FPGA Central

Hi all!
I am a newbie to DSP. I have some basic questions. I will reall
appreciate if someone answers them.

1. Is it logical to perform 1024 point FFT on a vector of size less tha
1024 (say 150) in MATLAB ?
2. If yes, then -does MATLAB perform zero padding automatically in abov
case or do we need to do it manually ?
3. what kind of output will it give ?

"Rajan" <prasad6927373@rediffmail.com> skrev i en meddelelse
news:-JidnfJgtJHkbg_ZnZ2dnUVZ_s-dnZ2d@giganews.com...
>
> Hi all!
> I am a newbie to DSP. I have some basic questions. I will really
> appreciate if someone answers them.
>
> 1. Is it logical to perform 1024 point FFT on a vector of size less than
> 1024 (say 150) in MATLAB ?

It will increase the resolution of the spectrum and FFT of a 2^n vector is
easier/faster to calculate.

> 2. If yes, then -does MATLAB perform zero padding automatically in above
> case or do we need to do it manually ?

Use the help function in matlab and you will get an answer to some of your
questions.

>> help fft

FFT Discrete Fourier transform.
FFT(X) is the discrete Fourier transform (DFT) of vector X. For
matrices, the FFT operation is applied to each column. For N-D
arrays, the FFT operation operates on the first non-singleton
dimension.

FFT(X,N) is the N-point FFT, padded with zeros if X has less
than N points and truncated if it has more.

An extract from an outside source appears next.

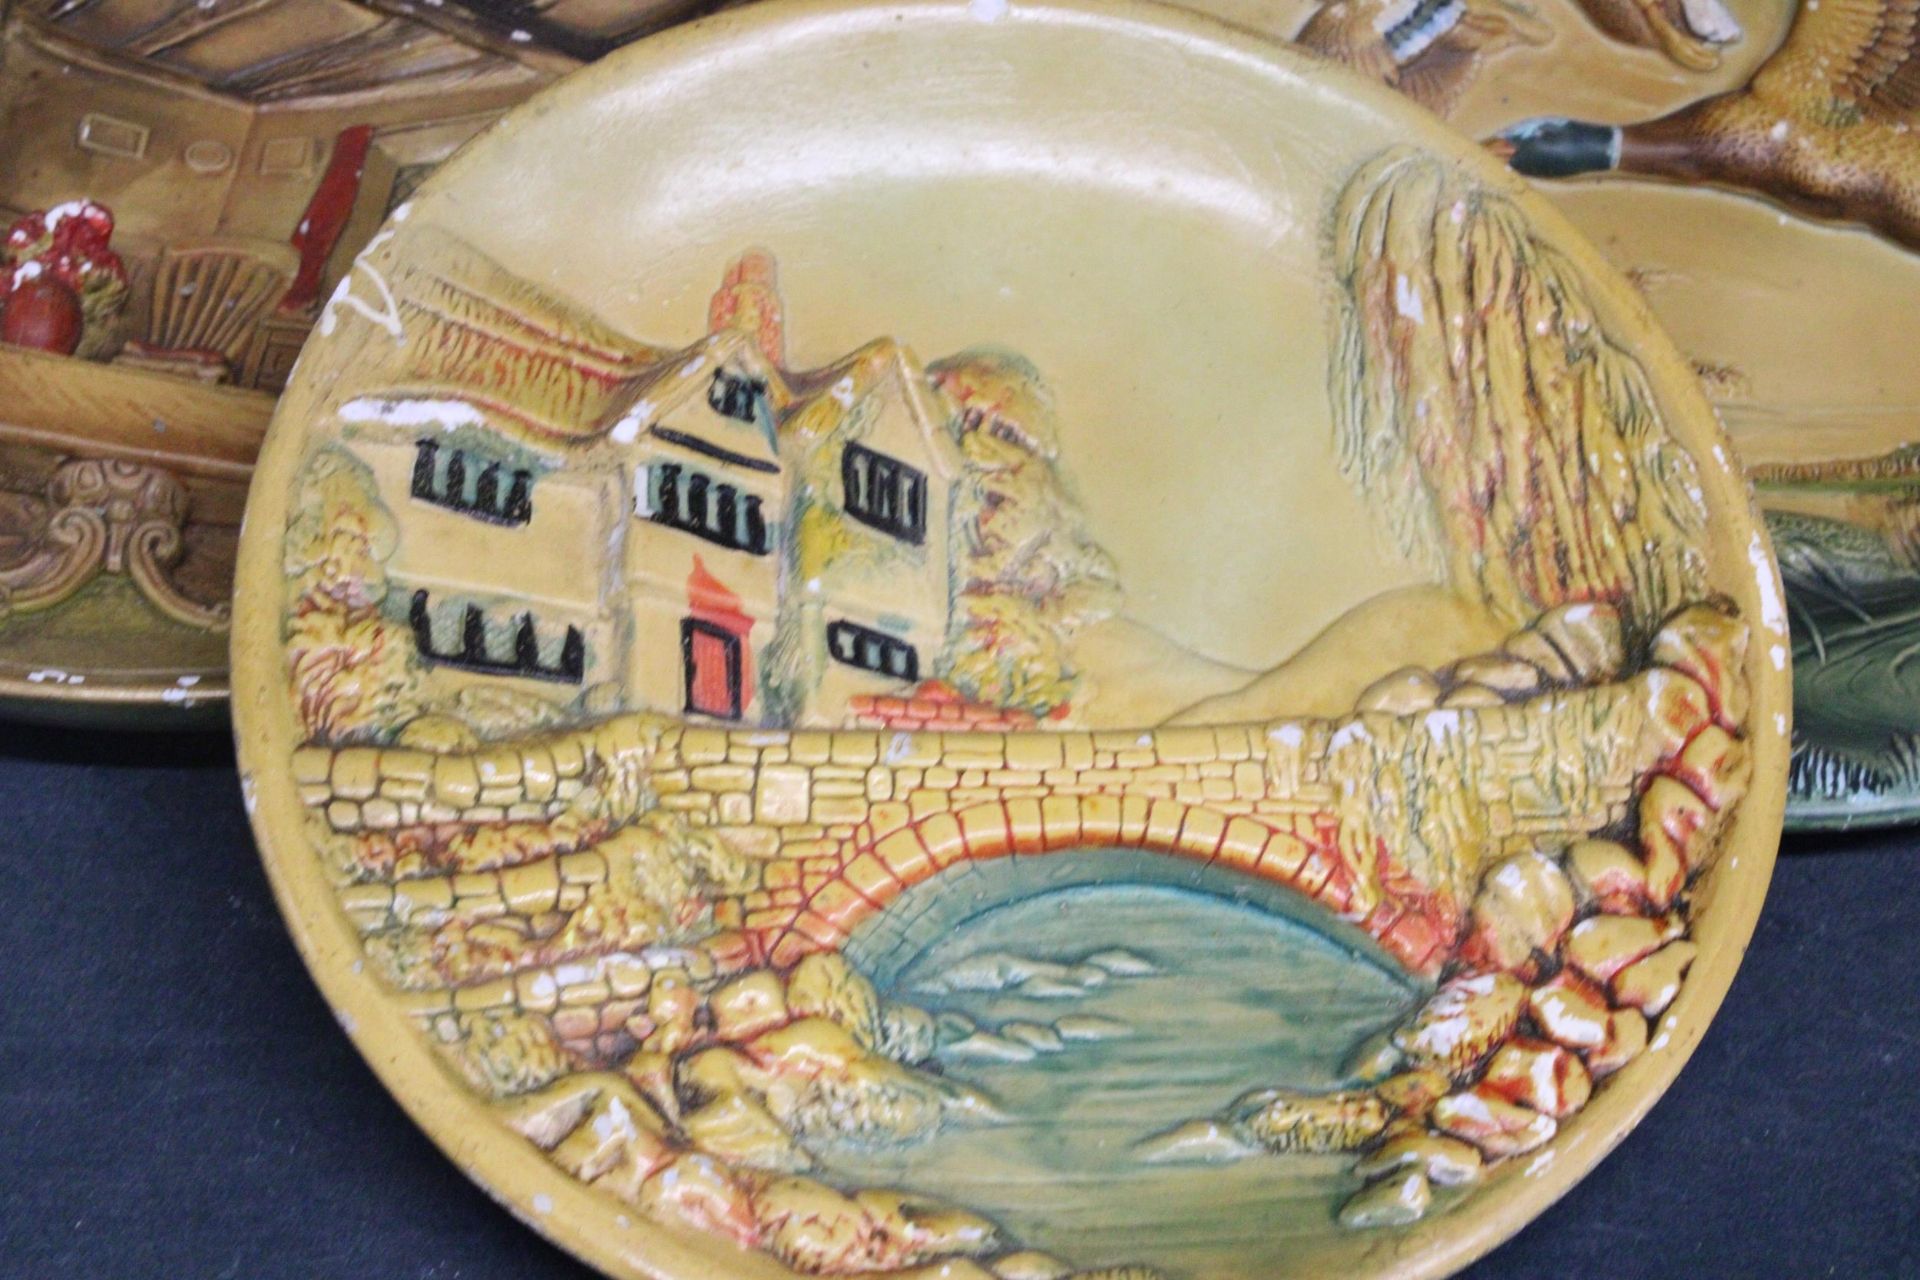 FIVE LARGE 3-D CHALKWARE VINTAGE PLATES WITH IMAGES OF HOUSES AND DUCKS - Image 2 of 6

FFT(X,[],DIM) or FFT(X,N,DIM) applies the FFT operation across the
dimension DIM.

For length N input vector x, the DFT is a length N vector X,
with elements
N
X(k) = sum x(n)*exp(-j*2*pi*(k-1)*(n-1)/N), 1 <= k <= N.
n=1
The inverse DFT (computed by IFFT) is given by
N
x(n) = (1/N) sum X(k)*exp( j*2*pi*(k-1)*(n-1)/N), 1 <= n <= N.
k=1

See also IFFT, FFT2, IFFT2, FFTSHIFT.

Overloaded methods
help qfft/fft.m

> 3. what kind of output will it give ?

A small example could be:

subplot(1,3,1); plot(abs(fftshift(fft([1 2 3 4], 4))))
subplot(1,3,2); plot(abs(fftshift(fft([1 2 3 4], 16))))
subplot(1,3,3); plot(abs(fftshift(fft([1 2 3 4], 128))))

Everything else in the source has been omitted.